MAMMQA: Rethinking Information Synthesis in Multimodal Question Answering

Overview

Recent advances in multimodal question answering have primarily focused on combining heterogeneous modalities or fine-tuning multimodal large language models. While these approaches have shown strong performance, they often rely on a single, generalized reasoning strategy, overlooking the unique characteristics of each modality—ultimately limiting both accuracy and interpretability.

MAMMQA is a multi-agent QA framework for multimodal inputs spanning text, tables, and images. Our system includes two Visual Language Model (VLM) agents and one text-based Large Language Model (LLM) agent. The first VLM decomposes the user query into sub-questions and sequentially retrieves partial answers from each modality. The second VLM synthesizes and refines these results through cross-modal reasoning. Finally, the LLM integrates the insights into a cohesive answer. This modular design enhances interpretability by making the reasoning process transparent and allows each agent to operate within its domain of expertise. Experiments on diverse multimodal QA benchmarks demonstrate that our cooperative, multi-agent framework consistently outperforms existing baselines in both accuracy and robustness.

Why is Multimodal QA Hard?

Existing multimodal QA often uses a single, generalized reasoning strategy or flattens inputs, overlooking the unique characteristics of text, tables, and images. This limits both accuracy and interpretability.

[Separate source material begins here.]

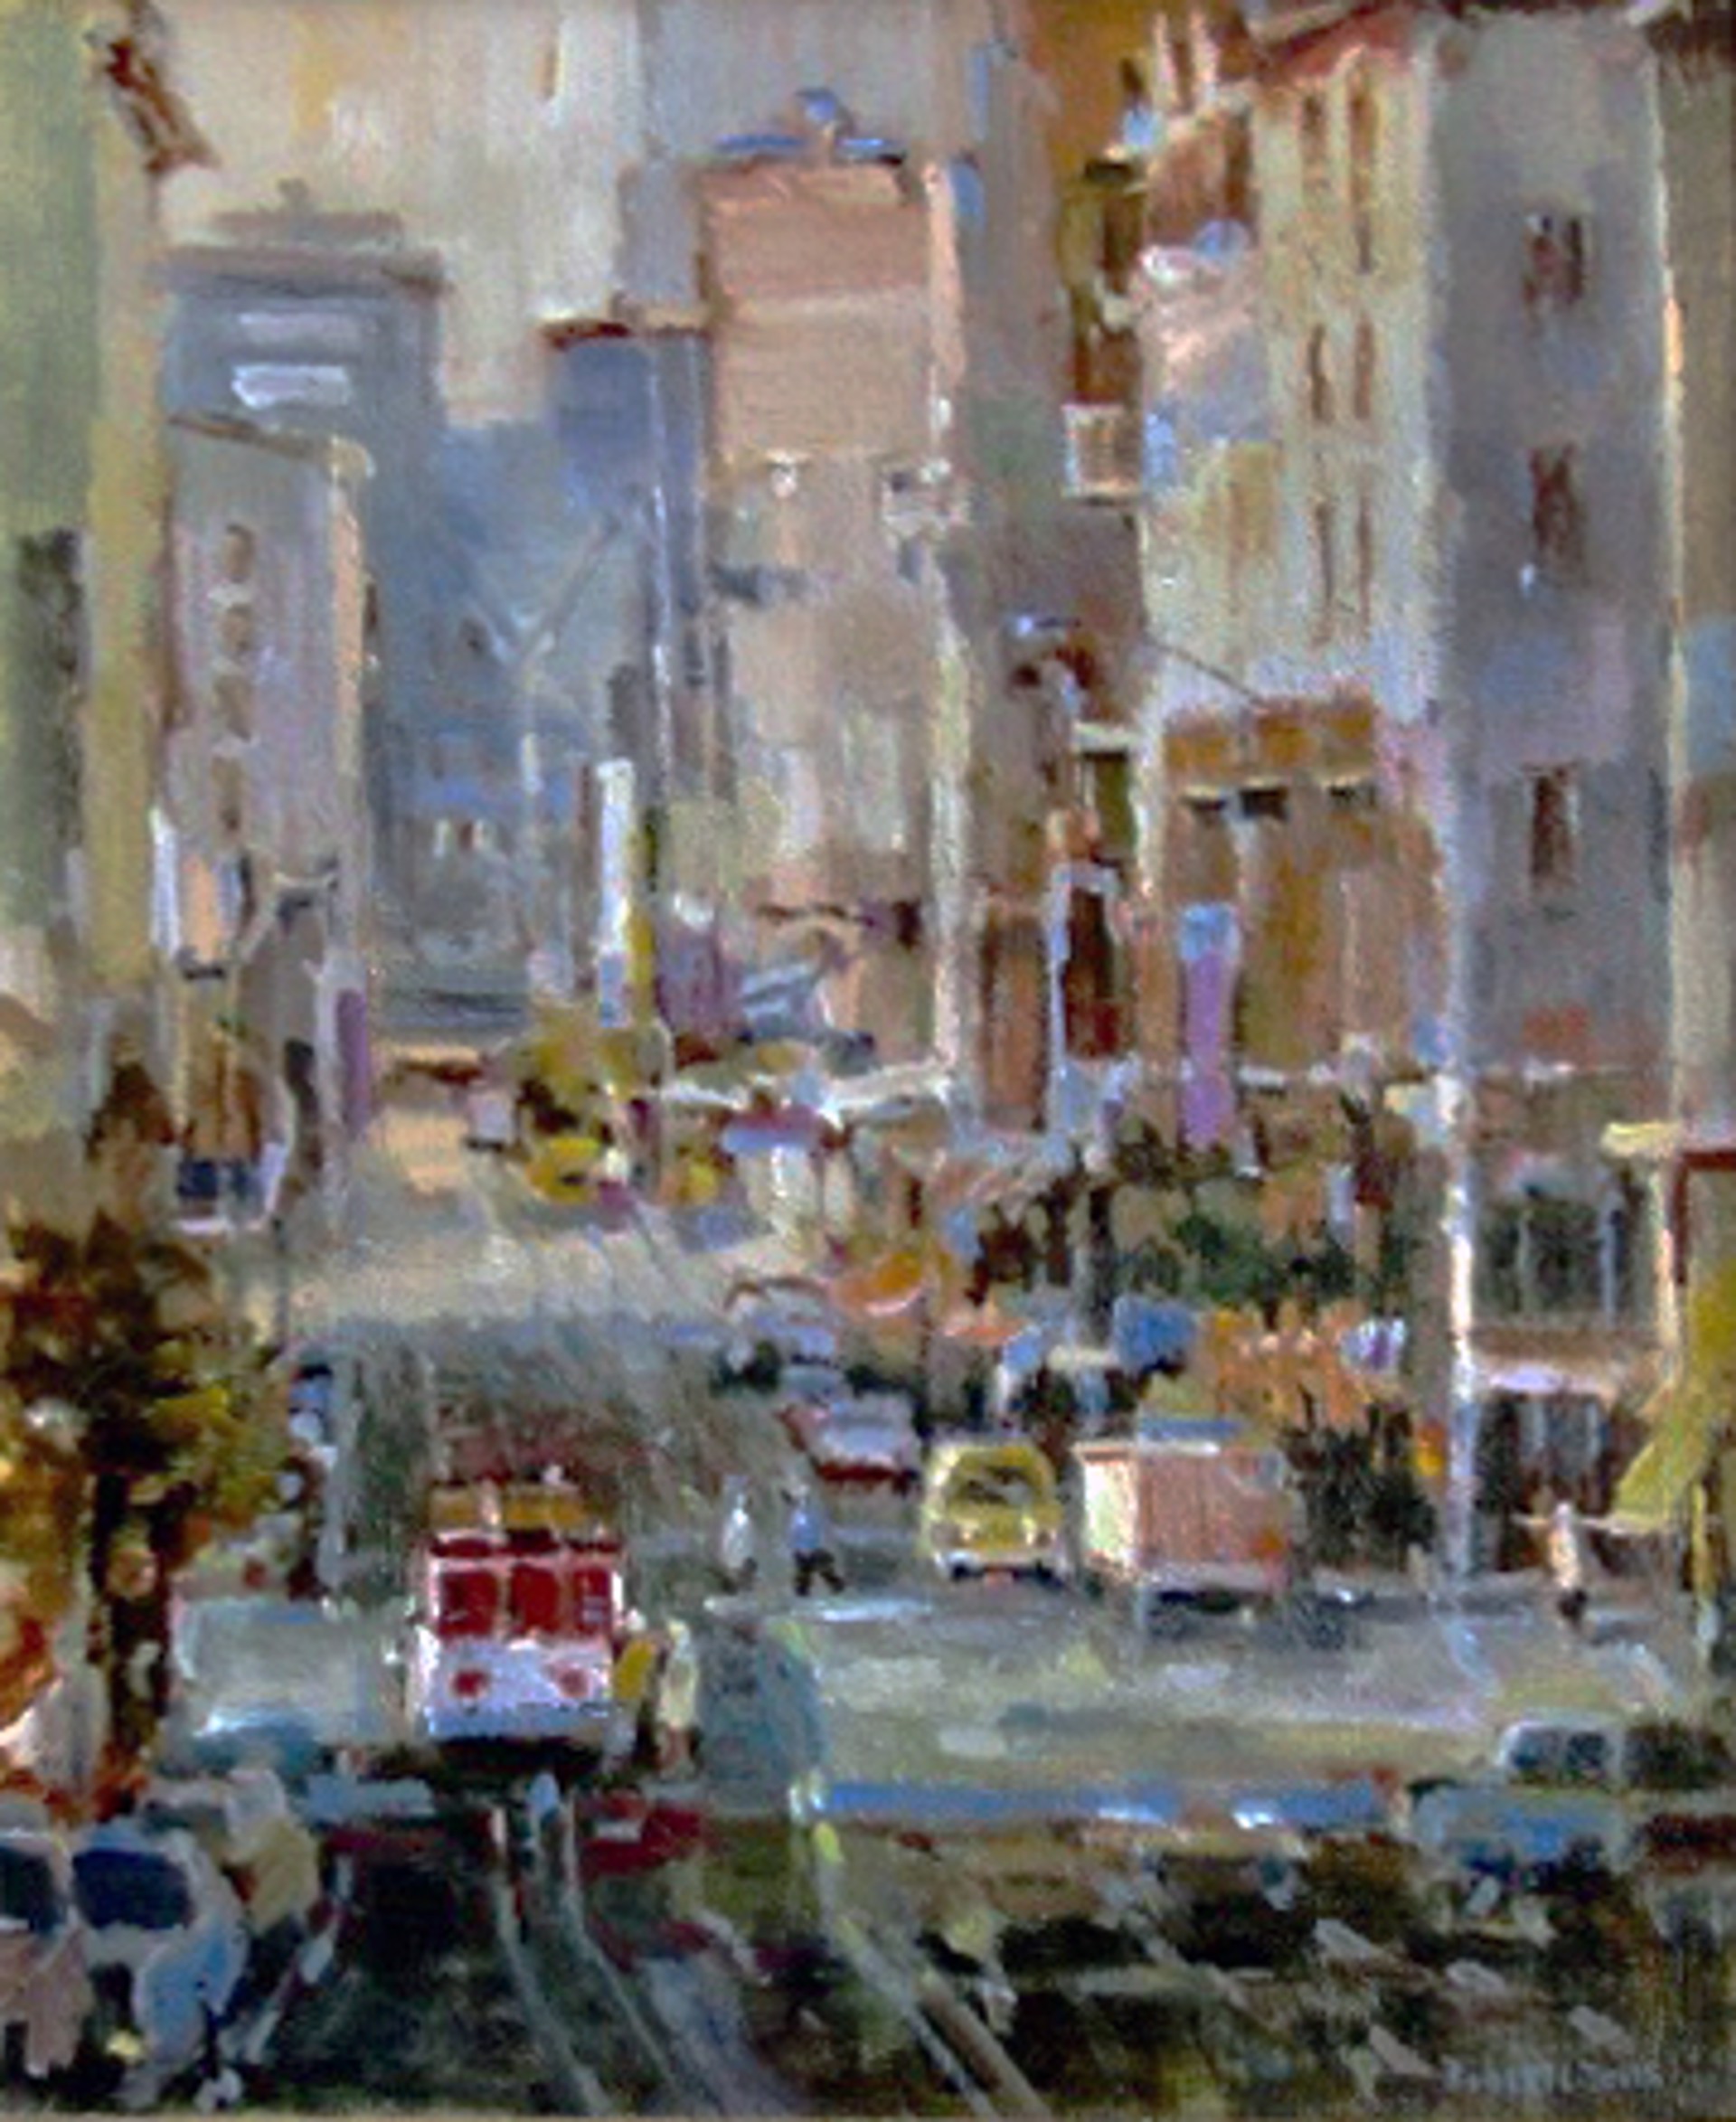 Early Morning in the City by Robert L. Davis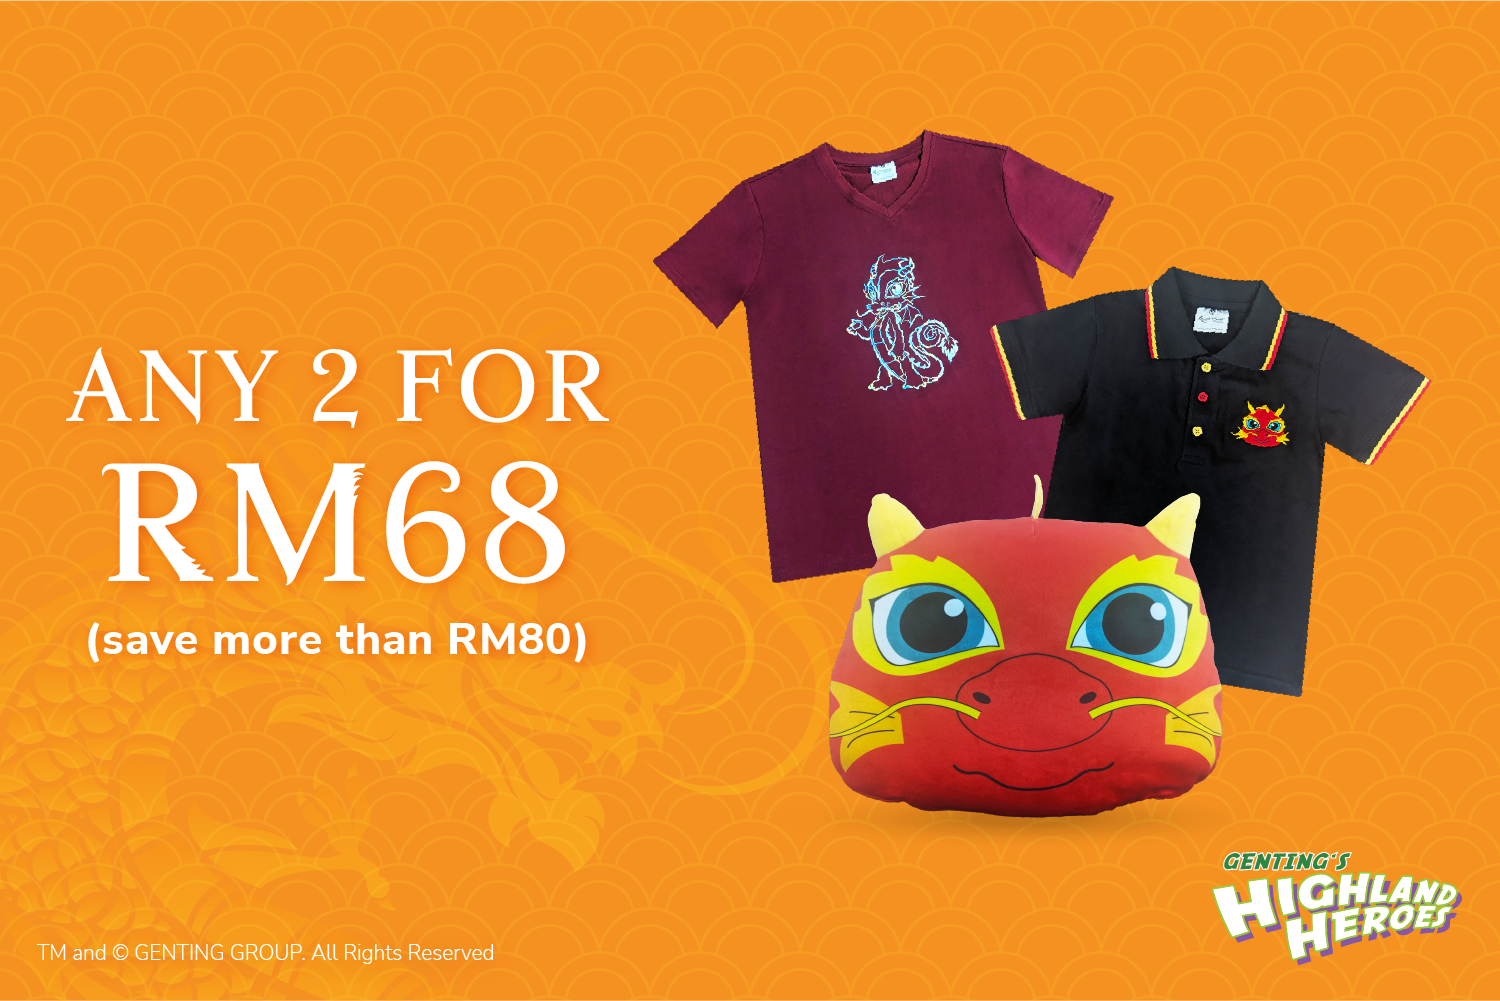 Any 2 for RM68 (save up to RM80):

MAMMQA addresses these limitations with a cooperative, multi-agent design that makes the reasoning process transparent while letting each agent operate in its domain of expertise.

How MAMMQA Works

MAMMQA uses two Visual Language Model (VLM) agents and one text-based Large Language Model (LLM). The first VLM decomposes the user query into sub-questions and retrieves partial answers from each modality. The second VLM synthesizes these results via cross-modal reasoning. Finally, the LLM integrates insights into a cohesive answer.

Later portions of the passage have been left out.